For the first time she looked sharply at him. ‘Like her?’ she said unwillingly. ‘Yes, I suppose I did. She was kind. Always the same to everyone. She made mistakes as I well know. Things didn’t pan out the way she’d reckoned.’

‘With Cliff?’

‘That’s right. There’s been a lot of rubbish talked about the interest she took in my boy. People are funny like that. Jealous.’ She passed her roughened hand over her face with a movement that suggested the wiping away of a cobweb. ‘I don’t say I wasn’t a bit jealous myself,’ she said grudgingly. ‘I don’t say I didn’t think it might make him discontented like with his own home. But I saw what a big thing it was for my boy and I wouldn’t stand in his light. But there it is. I won’t say I didn’t feel it.’

She said all this with the same air of antagonism, but Alleyn felt a sudden respect for her. He said: ‘But this feeling didn’t persist?’

‘Persist? Not when he grew older. He grew away from her, if you can understand. Nobody knows a boy like his mother and I know you can’t drive Cliff. She tried to drive him and in the finish she set him against her. He’s a good boy,’ said Mrs Johns coldly, ‘though I say it, but he’s very unusual. And sensitive.’

‘Did you regret taking her offer to send him to school?’

‘Regret it?’ she repeated, examining the word. ‘Seeing what’s happened, and the cruel way it’s changed him –’ She pressed her lips together and her hands jerked stiffly in her lap. ‘I wish she’d never seen my boy,’ she said with extraordinary vehemence and then caught her breath and looked frightened. ‘It’s none of his doing or of hers, poor lady.
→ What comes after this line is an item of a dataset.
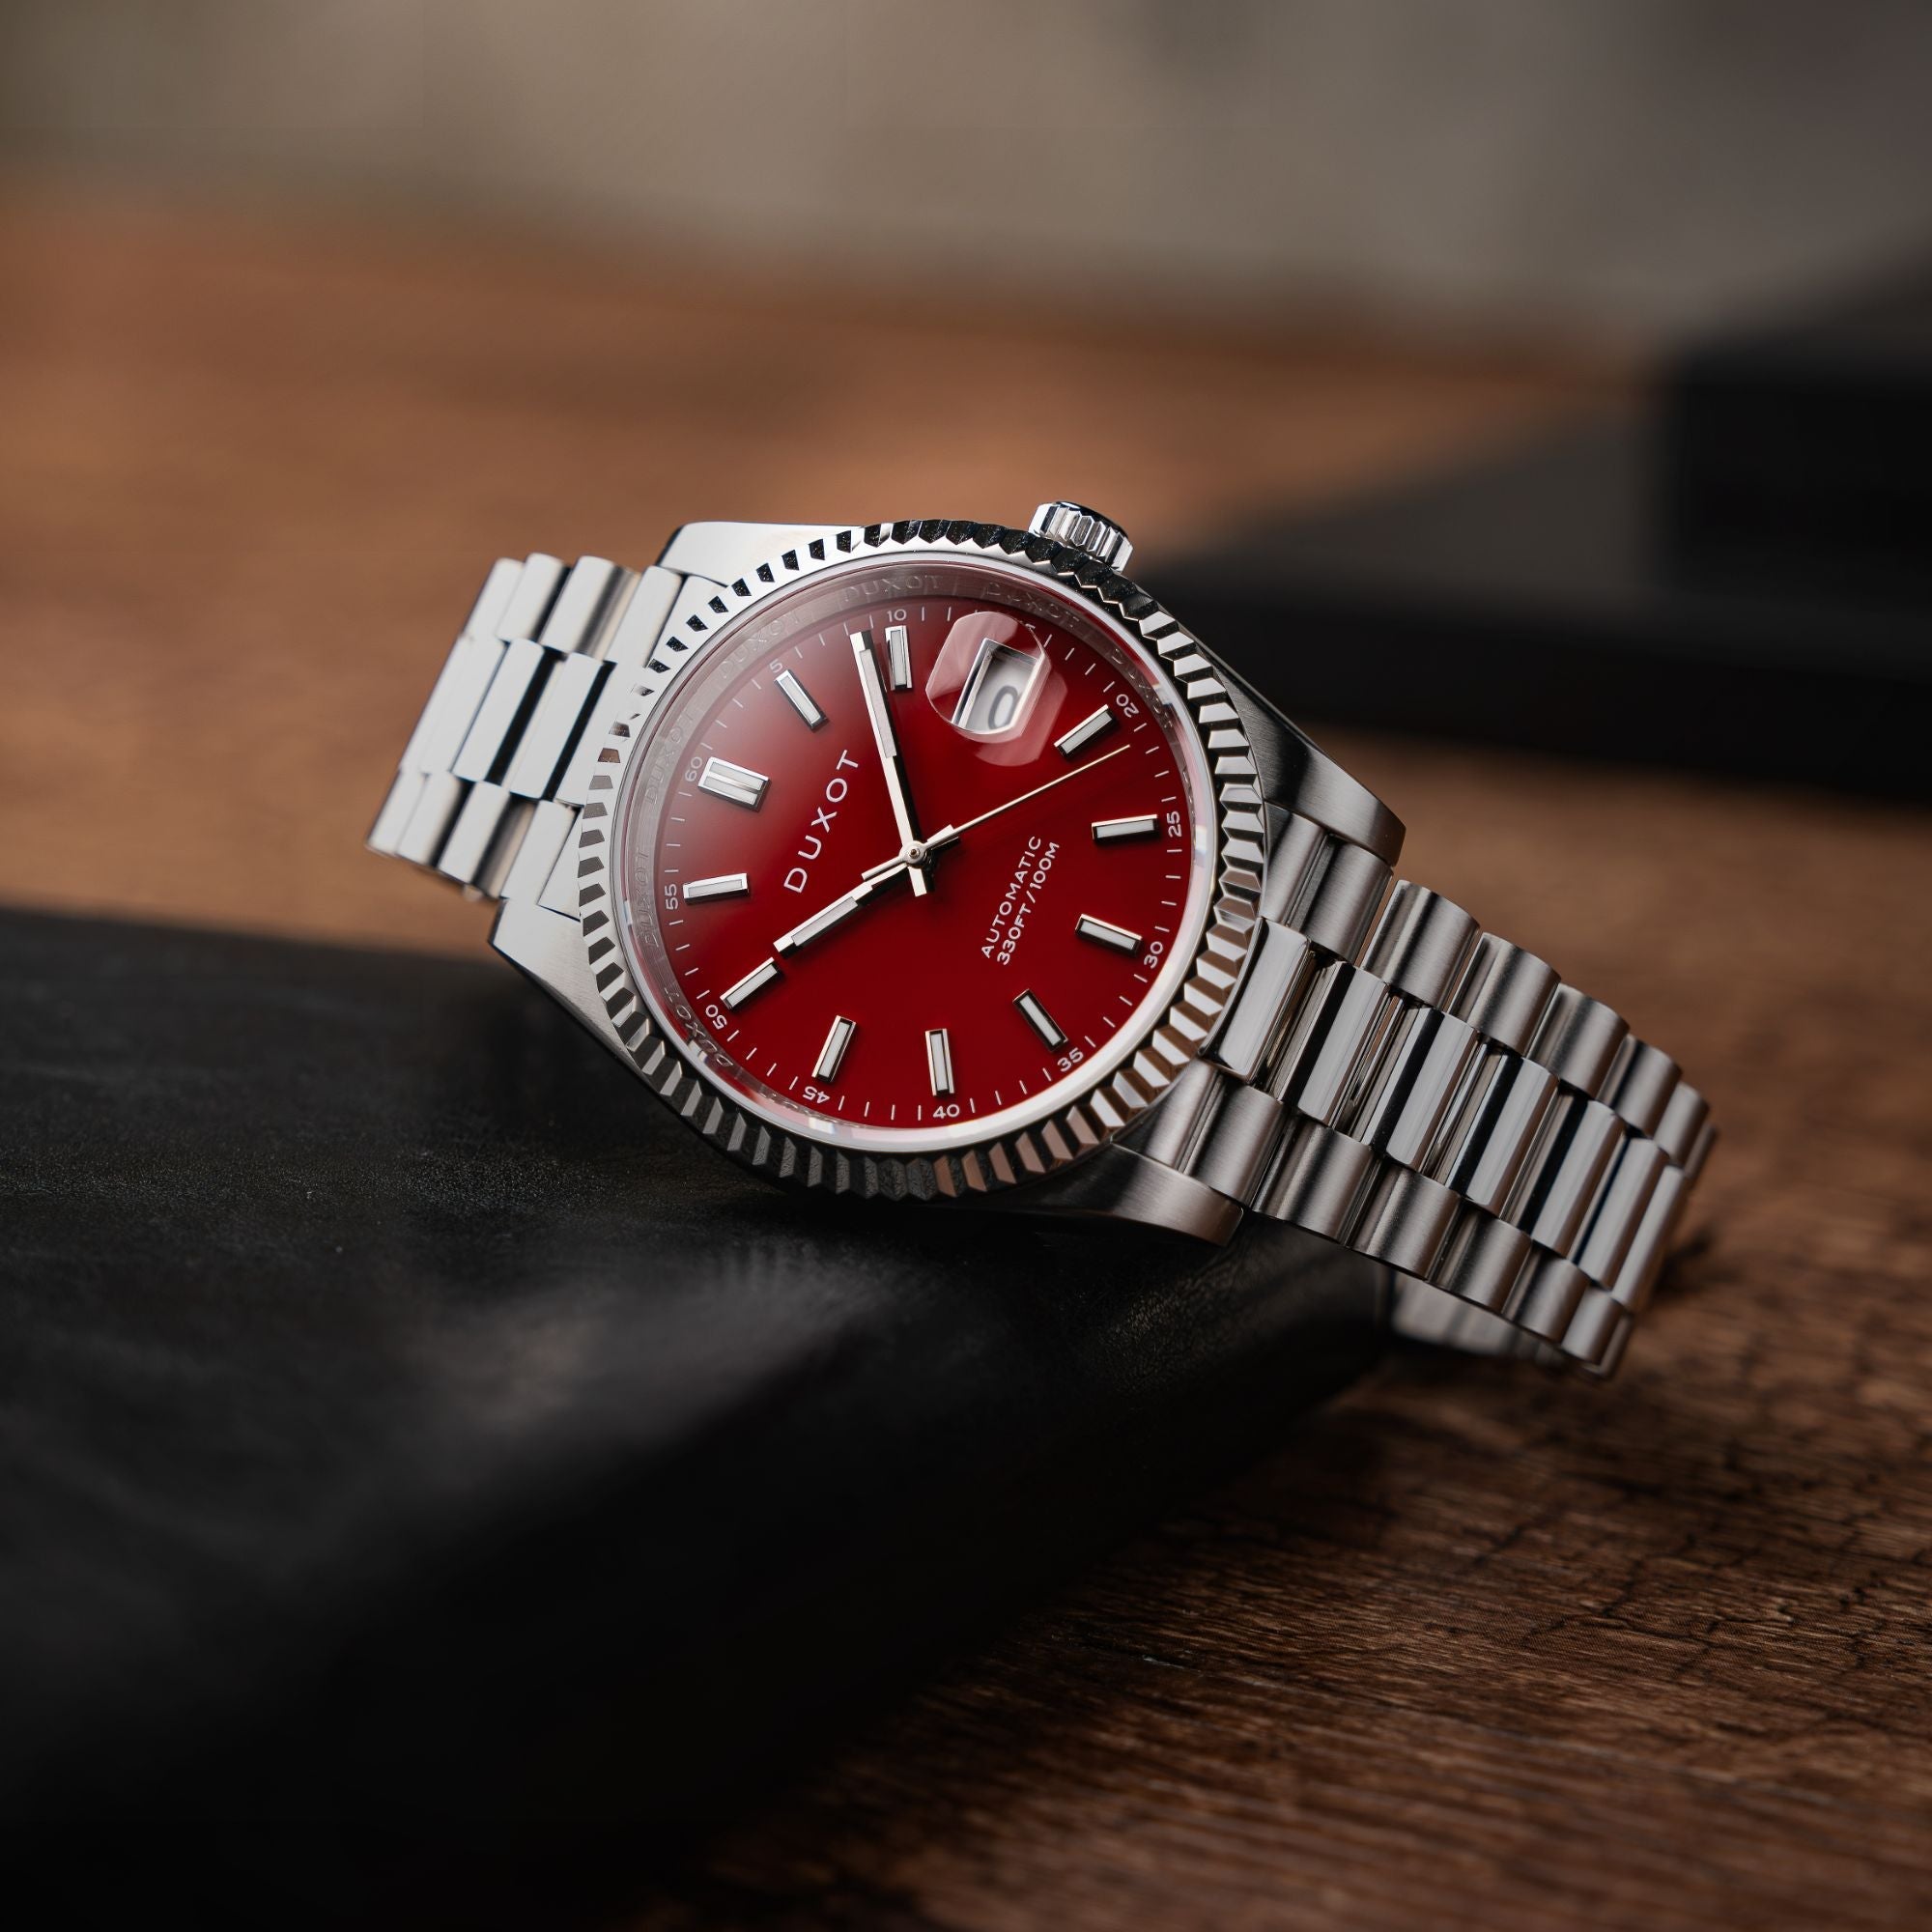 Duxot Marcel Automatic Firebrick Red Men's Watch DX-2059-44

They were devoted to each other. When it happened there was nobody felt it more than Cliff. Don’t let anyone tell you different. It’s wicked, the way an innocent boy’s been made to suffer. Wicked.’

Her eyes were still fixed on the wall, beyond Alleyn and above his head. They were wet, but so wooden was her face that her tears seemed to be accidental and quite inexpressive of sorrow. She ended each of her speeches with such an air of finality that he felt surprised when she embarked on a new one.

‘Mrs Johns,’ he said, ‘what do you make of this story about the whisky?’

‘Anybody who says my boy’s a thief is a liar,’ she said. ‘That’s what I make of it. Lies! He never touched a drop in his life.’

‘Then what do you think he was doing?’

At last she looked full at him. ‘You ask the station cook what he was doing. Ask Albert Black. Cliff won’t tell you anything, and he won’t tell me. It’s my idea and he’d never forgive me if he knew I’d spoken of it.’ She got up and walked to the door, staring out into the sunshine. ‘Ask them,’ she said. ‘That’s all.’